DATASET EXCERPT:
▬▬▬▬▬▬▬▬▬▬
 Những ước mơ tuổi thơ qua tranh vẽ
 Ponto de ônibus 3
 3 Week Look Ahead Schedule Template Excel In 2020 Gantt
▬▬▬▬▬▬▬▬▬▬
ASSIGNMENT:
Your task is to reproduce all the material exactly as it stands.

WRITTEN SOLUTION:
 Những ước mơ tuổi thơ qua tranh vẽ
 Ponto de ônibus 3
 3 Week Look Ahead Schedule Template Excel In 2020 Gantt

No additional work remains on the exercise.